D’Arcy looked into my eyes. “Stay, or go?”

“Go is fine.”

Stay forever.

“I’ll be in my cabin if you need me.” He gave me a quick, warm kiss.

Ciel said nothing until the door closed, and then he mumbled, “A Ray Medical Apprentice.”

It wasn’t a question, so I didn’t reply. But “Ray Medical Apprentice” hardly summed up D’Arcy. It left out his family, broken by the Day/Night divide; it left out the poet and artist and scientist, coexisting in one mind; it left out all of his sacrifices for me, from the moment he had picked up that stupid black phone in lockup. Or maybe from the moment he decided to take Bio for Trees in order to write on my desk.

Ciel said, “Can he be trusted?”

Outrage bloomed on my lips—
You’re the one I don’t trust!
—until I remembered that Poppu might be listening. “With my life.”

Ciel went over to Poppu and bent to put his cheek on his forehead. I closed my eyes, because it still hurt like hell to see it.

“Poppu, tu ne dors pas?”
he asked.
“Sol et moi, nous sommes ici.”
He looked up at me. “I don’t know how much he can hear.”

Poppu’s breathing was hard work. His face was contorted with the effort, and whether he was conscious or not, it looked like pain. Pain that it was senseless for his body to endure.

At home I had watched the world contract around Poppu until it was only what was in his room, and soon it was what was at the edge of his skin. Now it had tightened further until all that seemed left was what was inside of him: pain and the desire for peace.

“Can he have some morphine now?” I asked.

Ciel pulled his phone out of his pocket and sent a text.

He got the chair from beside the desk and brought it next to the bed. “I bet you didn’t even remember it’s your birthnight,” he said somberly.

I was stunned for a moment. “I lost track of the date.”

“You’re seventeen.” He shook his head, as if it were his fault. “Not even a cake.”

“I don’t need cake,” I said.

“What about tarte au maton?”

That thought almost knocked me over, and my eyes rimmed with tears. “Yes, I could do with one of those.”

He leaned on the chair and studied me. “I wish you weren’t in that Noma getup.”

I didn’t know what to say. I couldn’t be whatever it was he expected me to be, or wanted me to be. The girl he had left was long gone.

“It’s somewhat empowering,” I finally said.

Miho knocked lightly, and when Ciel opened the door she had a tray with food—hamburgers and asparagus. There was also a syringe.

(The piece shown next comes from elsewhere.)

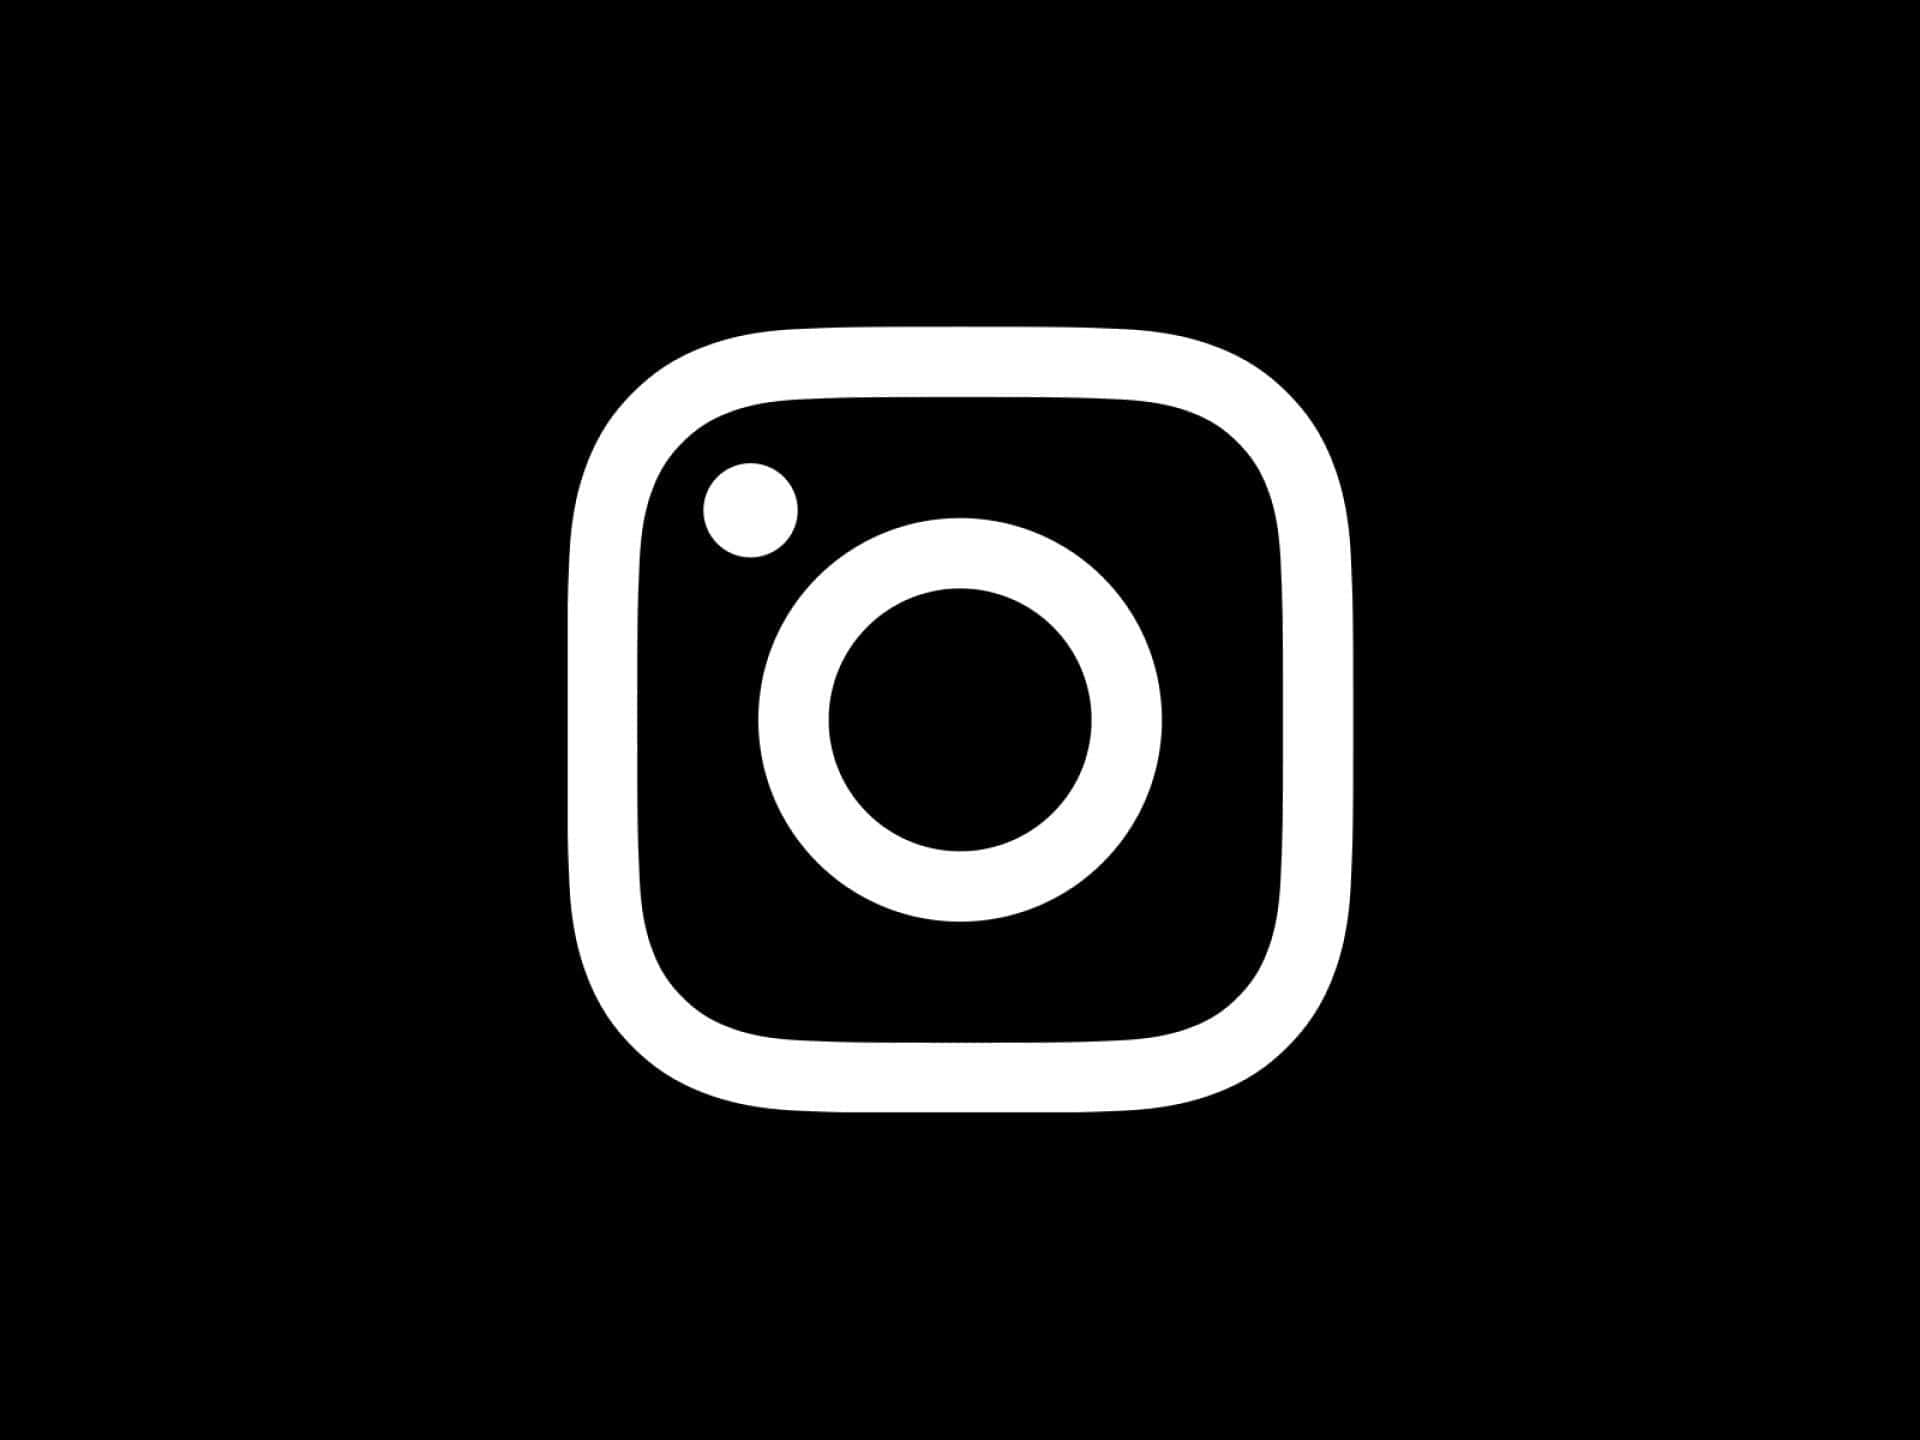 Logoblanco De Instagram Con Contorno Negro En Fondo Negro.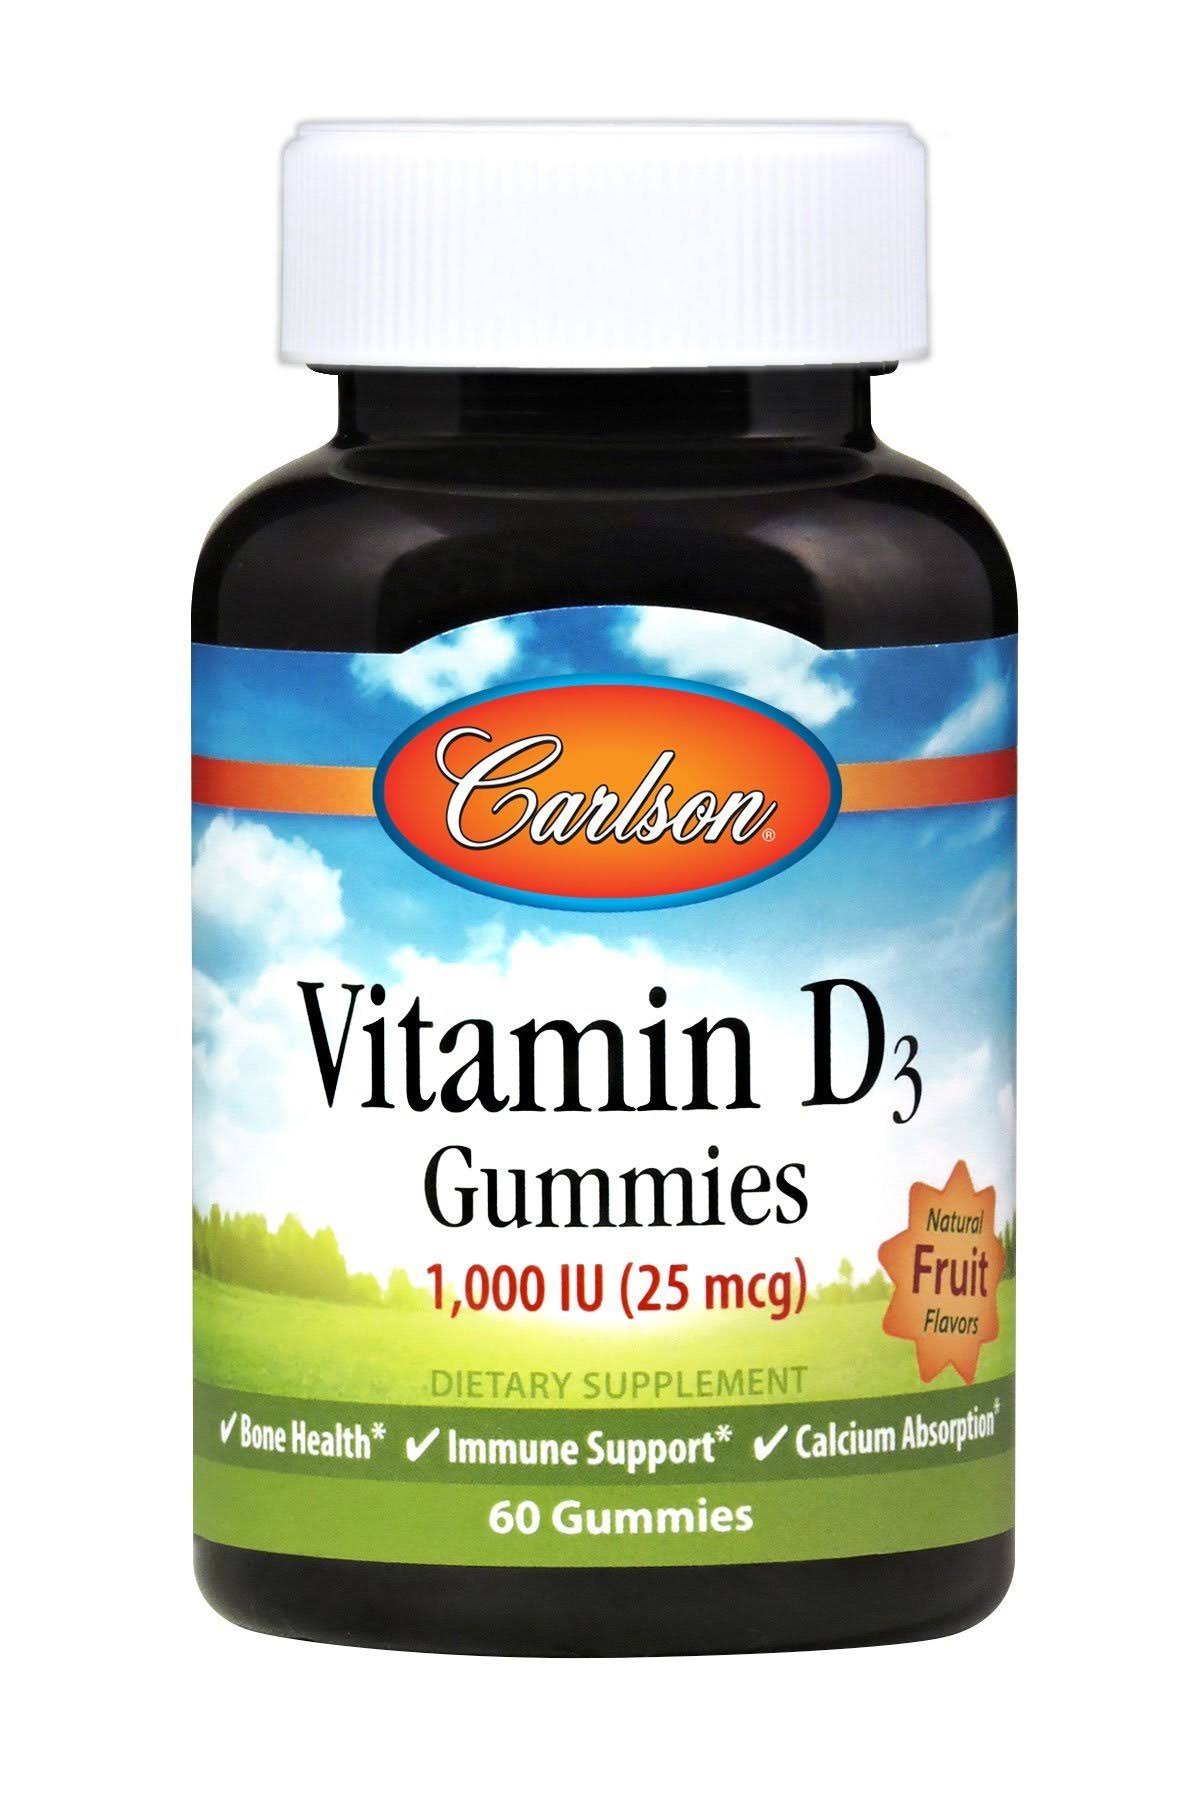 Carlson Vitamin D3, Natural Fruit Flavors, Gummies - 60 gummies

“You two eat dinner while I check on him.”

I didn’t move.

“Eat,” she repeated to me. “Everyone else is eating.” I knew she meant D’Arcy. I knew she already understood something about me. Of course Ciel would surround himself with perceptive people.

It was as if I had no taste buds, but I ate the burger just for the calories. I ate the asparagus. I drank the bottle of water Ciel handed me. I dutifully pushed fuel into my body. I watched as Miho took Poppu’s blood pressure with a portable cuff by the side of the bed. She listened to his heartbeat and breathing with her stethoscope. And then she lifted the blanket to inject the morphine into his buttock. She carefully replaced the blanket and came over to Ciel and me.

“He’s very close to the end. But he won’t suffer.”

These are the criteria for a good death: not to suffer, to be with people you love, to be home. I was grateful Poppu had two out of the three.

Miho said to me, “I’m really sorry, Sol.” And then she left the room.

I went over to the bed and sat beside Poppu.

“You’re still wearing the necklace,” Ciel said. “From your thirteenth birthday.”

I didn’t reply.

He sat in the chair, so we were both near our grandfather, so we could both see his face. “I was … with Gigi when I gave you that,” he said quietly. “I hurt her a lot.” But I had already guessed. He said, “Even taking that into account, she’s the only Noma we can trust right now.”